Output the data in full. Keep every word exact and exclude the pictures.

= Data provided =
════

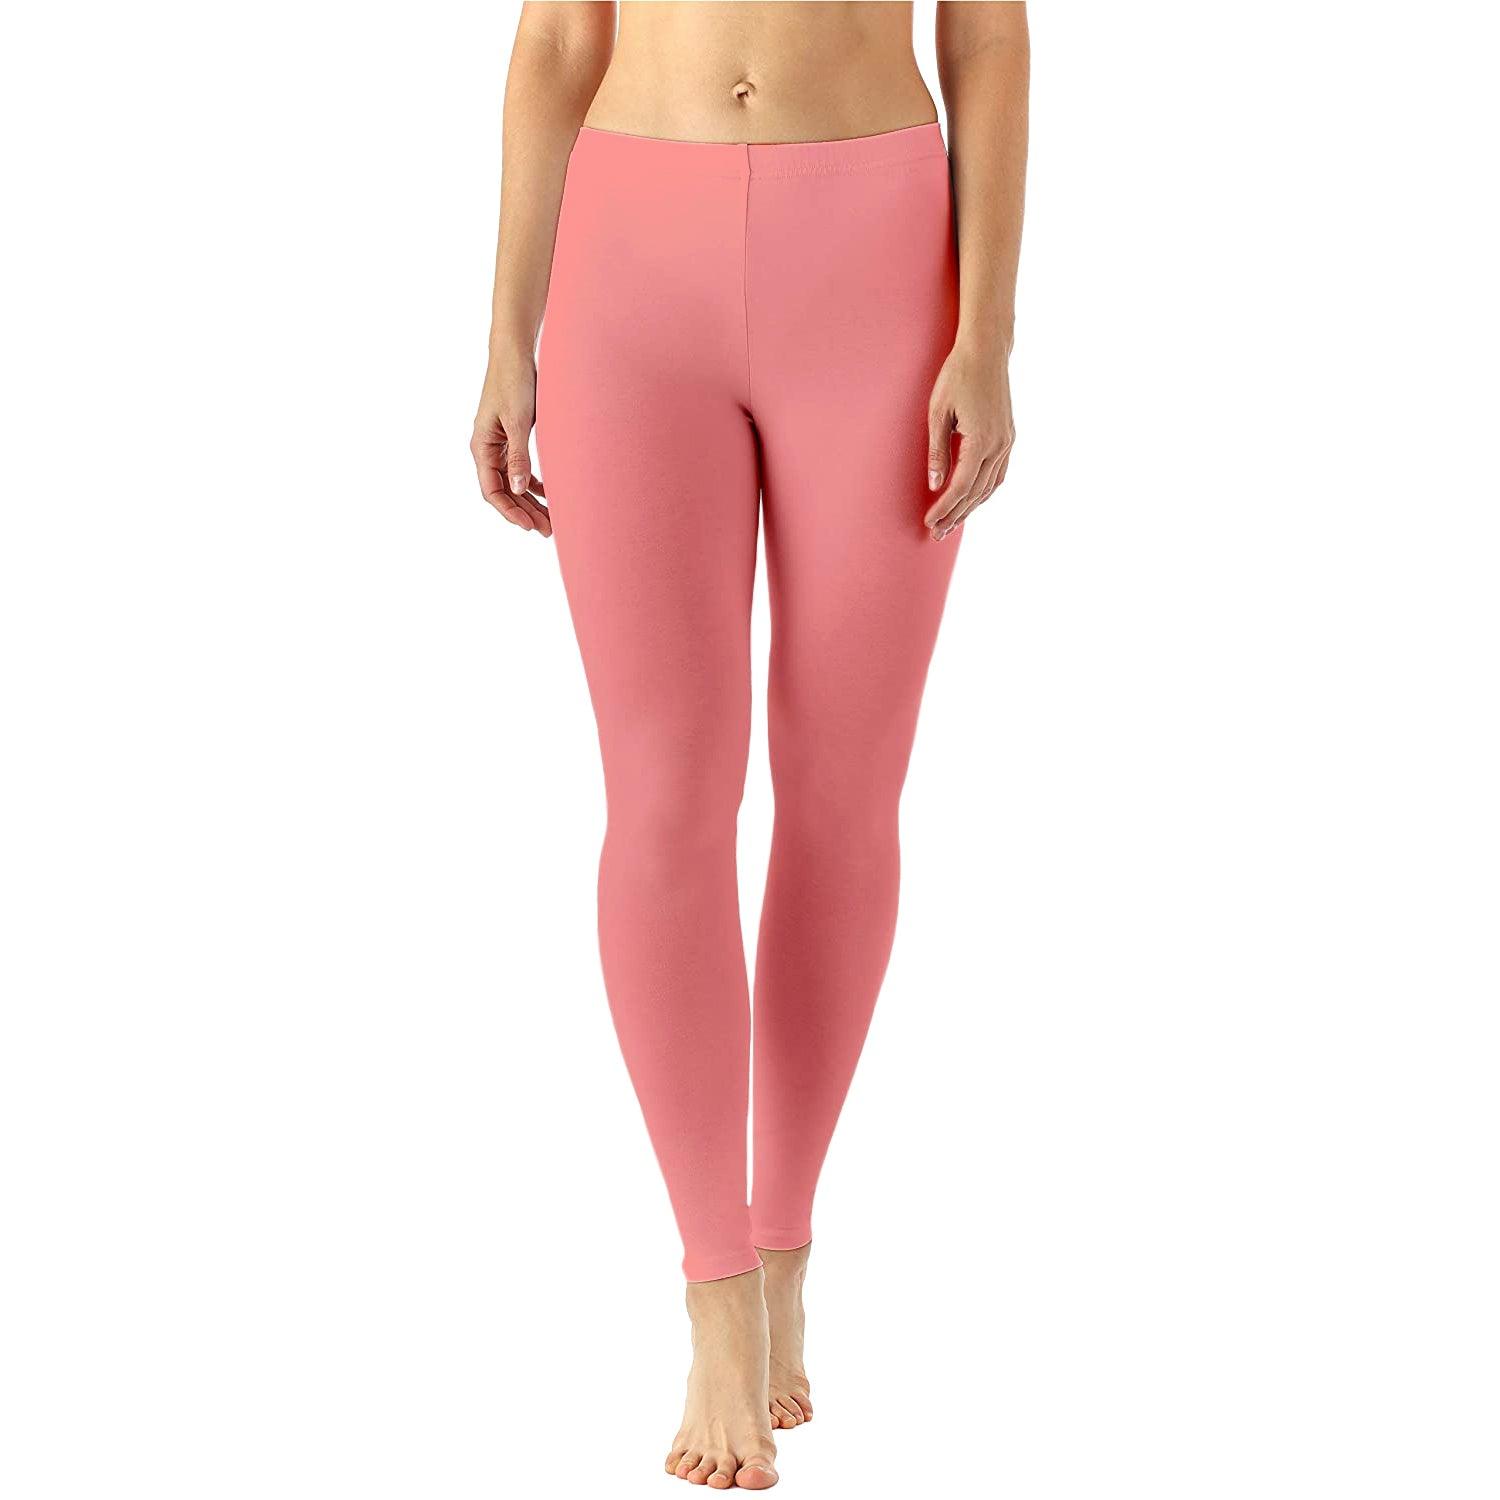 Zindwear Women's Cotton Soft Plain Summer Stretchy Ankle Length Leggings (One Size, Peach Pink) - Walgrow.com
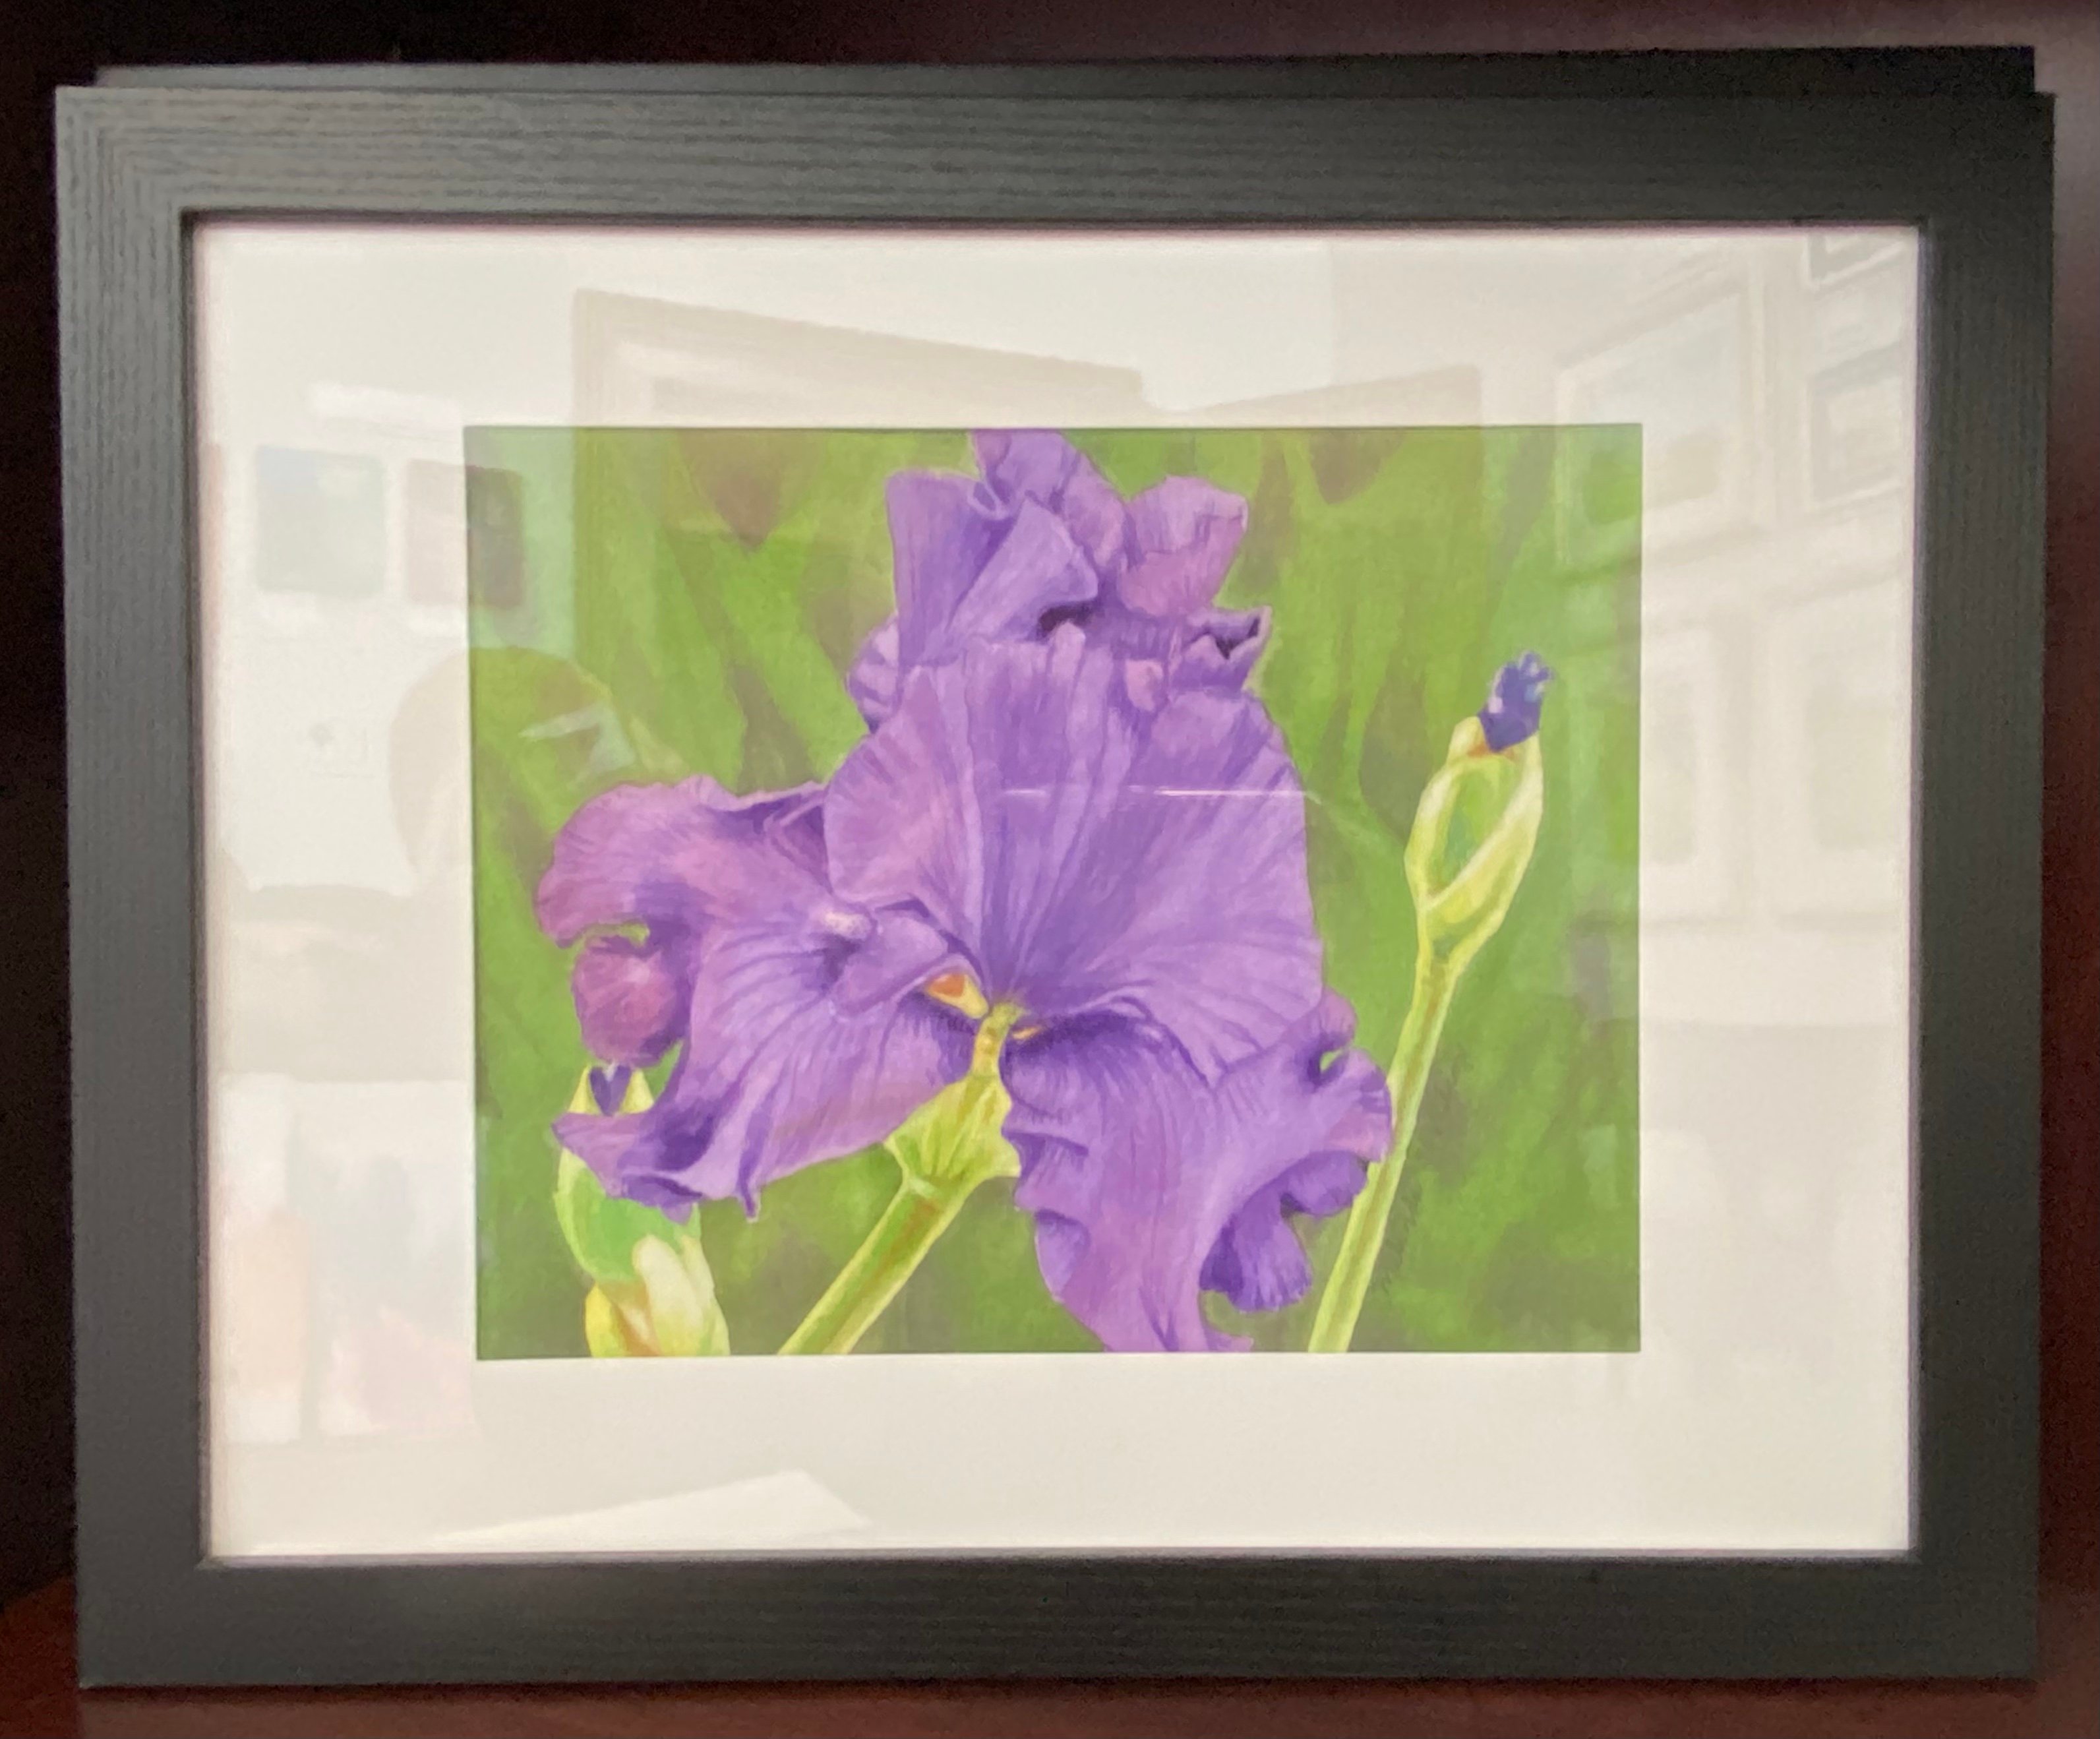 Purple Iris
Watercolor
8"x10"
$275.

════

= Answer to the exercise =
 Zindwear Women's Cotton Soft Plain Summer Stretchy Ankle Length Leggings (One Size, Peach Pink) - Walgrow.com
 Purple Iris
Watercolor
8"x10"
$275.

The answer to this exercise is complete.